Saturday, May 27, 2006

VTL Part 2

It's evident that VTLs are becoming popular backup and recovery targets. Among others, Netapp has also jumped onto the bandwagon, I figured I'd talk a little bit about the NearStore VTL offering.

A year ago Netapp announced the acquisition of Alacritus. At the time Alacritus was a privately held company out of Pleasanton, CA and Netapp first partnered with Alacritus around December 2004. Together they offered a solution comprised of a Netapp Nearline storage array and the Alacritus VTL package. Less than 6 mos later Netapp decided to own the technology so it acquired Alacritus.

Alacritus Background

As mentioned above, Alacritus was a privately held company. Alacritus has been in the VTL business and in the general backup business a lot longer than people think. The principals at Alacritus have been together for 15 years and are responsible for several backup innovations. They are the ones who with Netapp co-developed the Network Data Management Protocol (NDMP). They developed BudTool which was the first open systems backup application. They developed Celestra, which is the the first server-less backup product. They pioneered XCOPY, extended copy SCSI command. In 2001, Alactitus developed the 1st VTL and have been delivering it since then, before other VTL competitors were even incorporated. Alacritus strategy at the time was to sell the solution thru OEMs and resellers in Japan. Most notably Hitachi.


There are several technological innovations within the Netapp NearStore VTL delivering key benefits to customers but i'll only address 3-4 of them as I don't want to write an essay.

  • Continuous Self-tuning - The NearStor VTL continuously and dynamically load balances backup streams across *all* available resources (disks) thus maintaining optimal system performance without developing hot spots. That means that backup streams are load balanced across all the Disk Drives across all Raid Groups for a Virtual Library which in turn means that Virtual Tapes do not reside at fixed locations. That provides the ability to load balance traffic based on the most available drives. Utlimately, what this means is that customers do not have to take any steps to manually tune the VTL.

  • Smart Sizing - Smart sizing is based on the fact that all data compresses differently. Since data compresses at different rates, the amount of data that will fit into a tape changes from backup to backup. If you take into account that a Virtual Tape eventually will be written to a Physical Tape you want to make absolutely sure that the amount of data on the Virtual Tape will fit onto the Physical Tape. To address this, most VTL vendors make the capacity of the Virtual Tape equal to the Native capacity of the Physical Tape. The NearStor VTL offers a unique approach. By using high-speed statistical sampling of the backup stream, and by having knowledge of the Tape Drive's compression algorithm, it determines how well the data will compress when it gets to the Tape drive, and adjusts the size of the Virtual Tape accordingly to closely match the compressed capacity of the Physical Tape drive. As a result of this, customers obtain significantly higher physical media utilization rates compared to other VTLs. As an example, consider a backup of 400GB and a tape cartridge with a native capacity of 200GB. A typical VTL will need 2 Virtual Tapes each with a 200GB native capacity. If the Physical Drive compresses at 2:1 ratio that means that you'll write 200GB thus filling 1/2 of the tapes plus you'll need 2 Physical tapes to export to. With Smart Sizing, the Virtual Tape size will be adjusted to 1 Virtual Tape of a 400GB size. At a 2:1 drive compression ratio, you only need 1 Physical Tape of 200GB that will be fully utilized. The point is less cost by purchasing and managing less tapes.

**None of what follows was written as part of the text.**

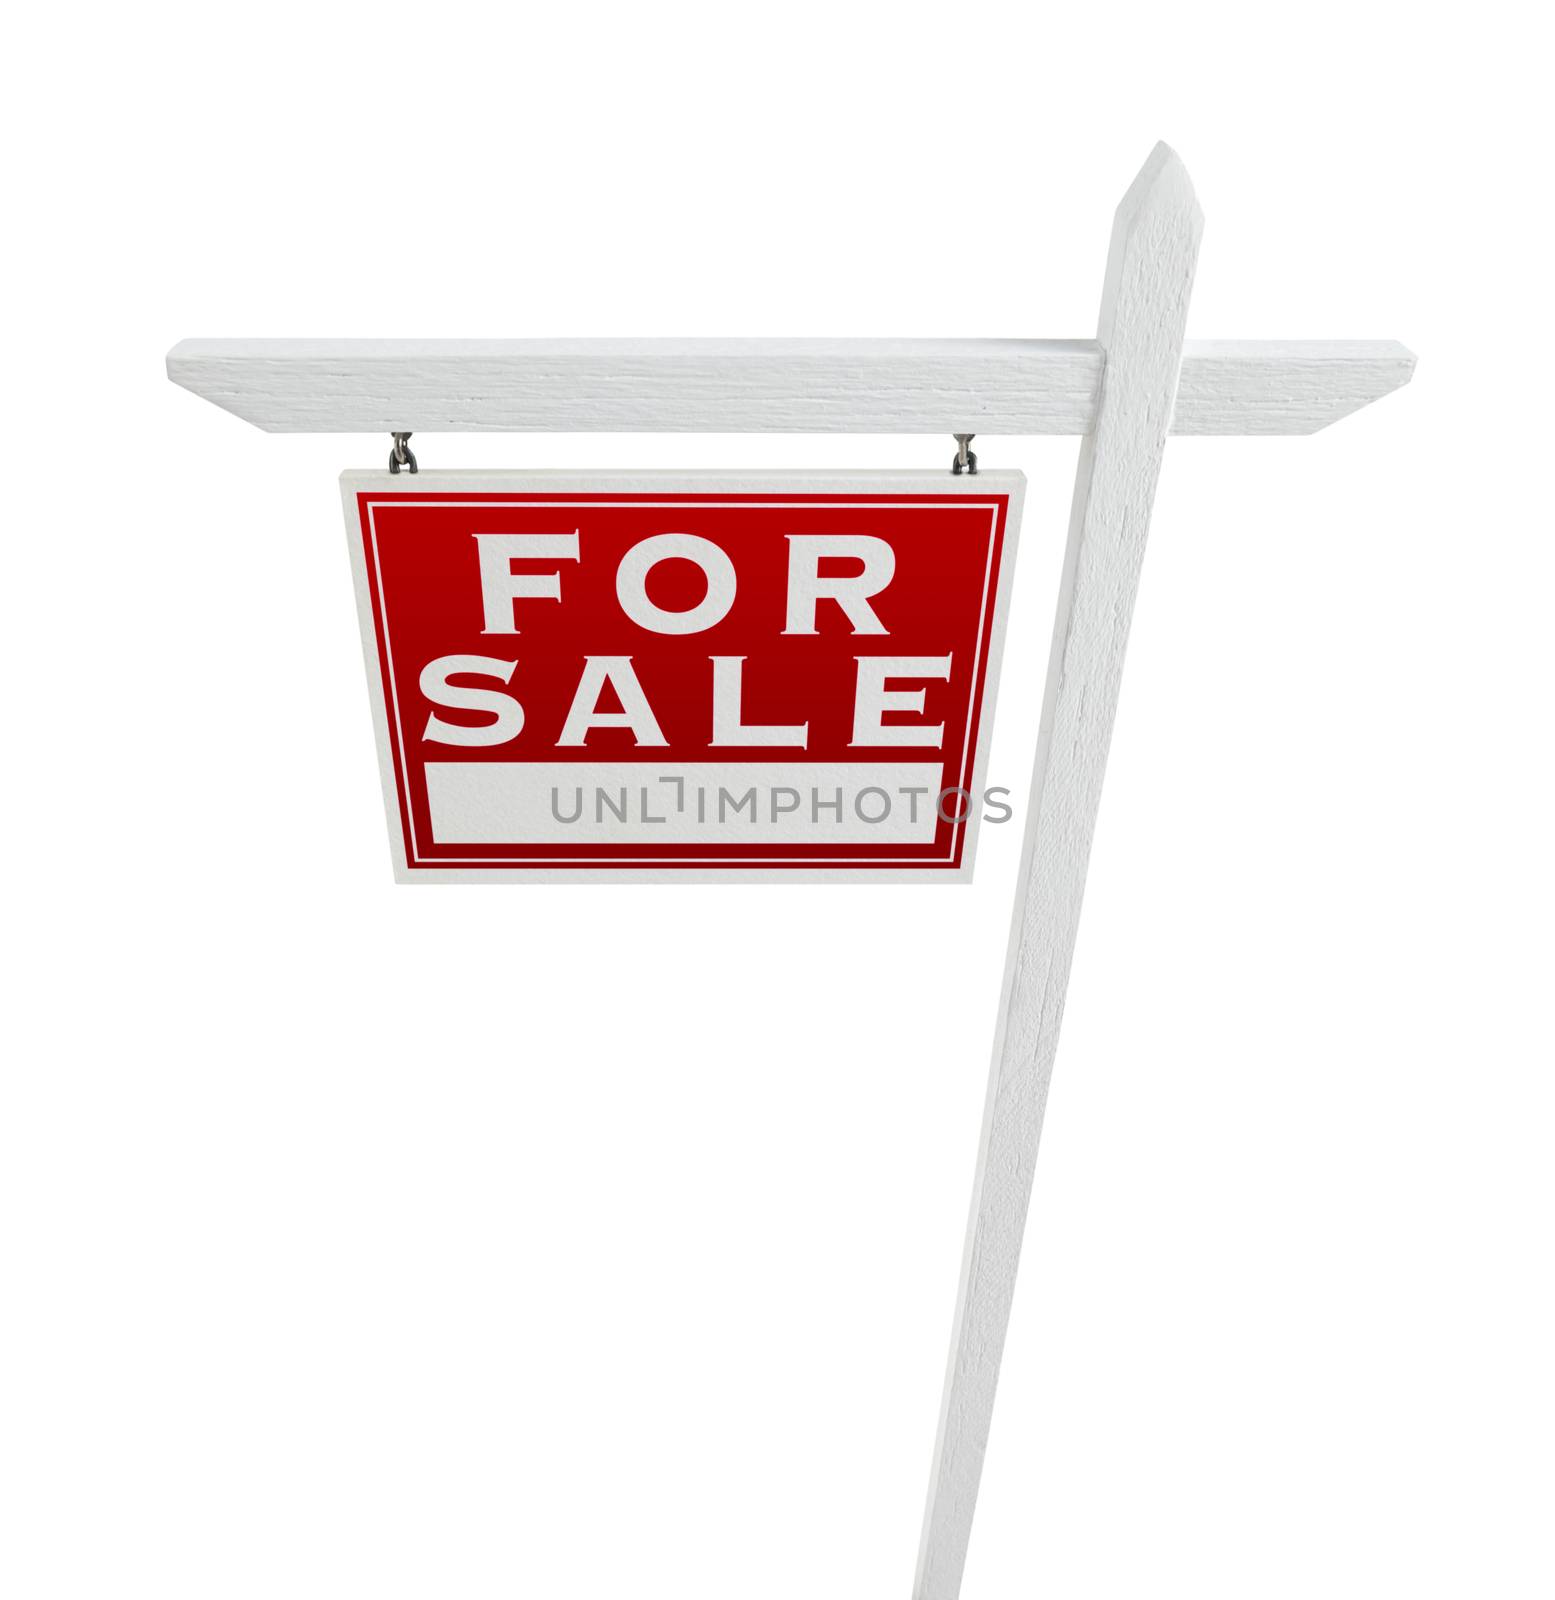 Left Facing For Sale Real Estate Sign Isolated on a White Background by Feverpitched

  • Data Protection - There are 2 mechanisms that enable Data protection within the NearStore VTL. RAID and Hot Sparing is one. The second mechanism is called Journaled Object Store (JOS). All metadata is Journaled ensuring the data integrity of committed writes, even in the event of an unclean shutdown. Metadata is stored in multiple places and the data on each disk is self-describing. What that means is that in the event of a catastrophic failure where the appliance's metadata is completely lost, data that is still available on disk can be accessed. One thing of importance is other VTLs will lose all data if their metadata ever becomes inaccessible.

  • Pass-Thru Restores - When a physical tape is selected for a restore, it automatically gets imported as a virtual tape and data is copied in the background. However, if a specific file is requested that has not been copied to the virtual tape yet, the NearStore VTL will use a pass-thru mechanism, select the specific file from the physical tape and restore it. After the specific process has been completed, it will continue importing the rest of the image.

One thing that our customers find important is that Netapp owns the technology without 3rd party dependencies that control the development and provide 2nd or 3rd level support of the core technology.